Sunday, May 10, 2015

THE WEEPING WILLOW TREE

There was a weeping willow tree beside that old farm house outside of Groton, NY.  It was so beautiful in hot summers, when breezes would gently make it's long limbs move back and forth and cause the dead air to be stirred into new life.  On the outside of one of it's lower branches we hung a rope and placed an old tire where we could climb abroad and swing and sway climbing higher into the tree itself.

Years pasted by and we lived in Brooklyn where the big city smelled of dirty streets, urine in the corners and empty wine bottles scattered along the gutters.  It was one some week-ends that I would drive upstate NY back to the Elim Bible Institute were I was appointed Director of City Challenge to report to them how the work was doing.  So I would drive our old VW out of that dirty city and head up through the mountains, up route 17 until I came to Cortland NY.

I would pull into the drive way some time in the middle of the night; my grand parents knew I usually stopped there and when I went in the front door, I would make my way up the stairs and into the bedroom where that big weeping willow was right near a window.  I would slide open the window and I could feel the cool breeze flowing through the tree and blow softly into the room.  I would lay down and thankful that I'd made it that far.

I could hear my grand father move around down stairs and soon he was walking to the old barn to milk his five cows.  I would get out of bed and move downstairs and out the front door and into my VW.  It was always a wonderful feeling of being refreshed by stopping there; it would take about another hour before I finished my trip.

Going back, I would stop by that old farm again, and walk in and chat for awhile and drink some coffee with both of them.  Then off again down through the mountains, and finally through the Holland Tunnel and across the Brooklyn Bridge turning left on Atlantic Avenue and right on Dean Street.  The air was that same old dirty smell, but opening our downstairs apartment there would be waiting my family, early awaiting to hear all the news of my trip.

Someone said that "A Tree Grows In Brooklyn", and maybe there was a few scattered here and there.  Possibly someone had planted a weeping willow tree...it would be greatly appreciated there.

I've seen these type of trees planted in order to soak up the water from low spots, like on a golf course.  These trees grow fast and their long branches soon are full of leaves;  where there was mud, now it's dry and the only problem a golfer has is trying to hit their golf ball from underneath the low hanging branches.

It is written of Jesus; that He could give anyone His water of life, and they would never thirst again.  Also; He talked about Him being the tree and we are the branches, and if we drink of His water, we will near much fruit.  But to those branches that do not bear fruit, they are cut off and are taken away and burned in a fire.  "If My Word abides in you, you shall bear much fruit...."

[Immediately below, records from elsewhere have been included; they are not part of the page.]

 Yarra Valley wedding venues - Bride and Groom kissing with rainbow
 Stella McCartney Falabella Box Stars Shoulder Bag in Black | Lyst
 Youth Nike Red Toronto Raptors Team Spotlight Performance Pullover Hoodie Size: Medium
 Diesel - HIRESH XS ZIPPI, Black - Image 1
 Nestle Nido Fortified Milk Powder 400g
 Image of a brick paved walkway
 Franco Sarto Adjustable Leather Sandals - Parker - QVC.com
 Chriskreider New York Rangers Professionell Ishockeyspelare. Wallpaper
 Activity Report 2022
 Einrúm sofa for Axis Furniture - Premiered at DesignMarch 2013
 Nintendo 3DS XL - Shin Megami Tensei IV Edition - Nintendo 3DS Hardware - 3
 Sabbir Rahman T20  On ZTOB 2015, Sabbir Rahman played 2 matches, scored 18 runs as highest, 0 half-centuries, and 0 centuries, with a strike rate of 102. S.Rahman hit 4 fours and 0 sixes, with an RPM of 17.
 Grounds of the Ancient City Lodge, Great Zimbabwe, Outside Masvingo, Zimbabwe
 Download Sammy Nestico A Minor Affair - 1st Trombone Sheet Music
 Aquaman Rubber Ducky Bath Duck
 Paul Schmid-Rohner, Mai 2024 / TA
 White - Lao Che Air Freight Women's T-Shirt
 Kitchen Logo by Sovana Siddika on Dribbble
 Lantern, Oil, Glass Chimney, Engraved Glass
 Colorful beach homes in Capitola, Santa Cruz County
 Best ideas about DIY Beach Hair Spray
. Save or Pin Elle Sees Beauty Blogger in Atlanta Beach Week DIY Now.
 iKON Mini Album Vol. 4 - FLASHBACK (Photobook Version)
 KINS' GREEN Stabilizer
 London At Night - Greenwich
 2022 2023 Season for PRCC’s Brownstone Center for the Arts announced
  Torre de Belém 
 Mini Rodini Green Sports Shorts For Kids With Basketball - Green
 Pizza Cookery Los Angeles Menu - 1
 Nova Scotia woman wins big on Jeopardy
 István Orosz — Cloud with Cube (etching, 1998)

We live deep in the woods of Virginia, this time of year (May) the tree in back of our home are full of their green foliage, birds build their nests and there the different colored eggs slowly begin to be break, and out comes a tiny little bird, these little birds will stay in that nest, while mother will fly away and catch insects, pick through the bottom of the trees, and dig up little worms, and in their beaks, fly back to their nest and feed each little mouth, which is opened wide for a morsel of what the female bird has brought back to them.

But there comes a time, when the mother bird will no longer feed her little ones, and one by one, she pushes them out of the nest, they don't like this at all, and they resist this, but they do fall out and flap their little wings and finally land on the ground and looking back up at the nest, they begin to hop around and do what their mothers was doing, pecking around and digging with their little feet, and sure enough, they start feeding themselves.  Of course they keep on growing and maturing, and soon they are able to flap their wings and fly up and land on a branch of a tree.

And so the cycle of life goes on, and to see all this is beautiful to watch, because God doesn't make anything that's not beautiful, even us, we may think we're not good looking when we look in a mirror, but we don't see what God sees, in His sight, everything He has made is very beautiful.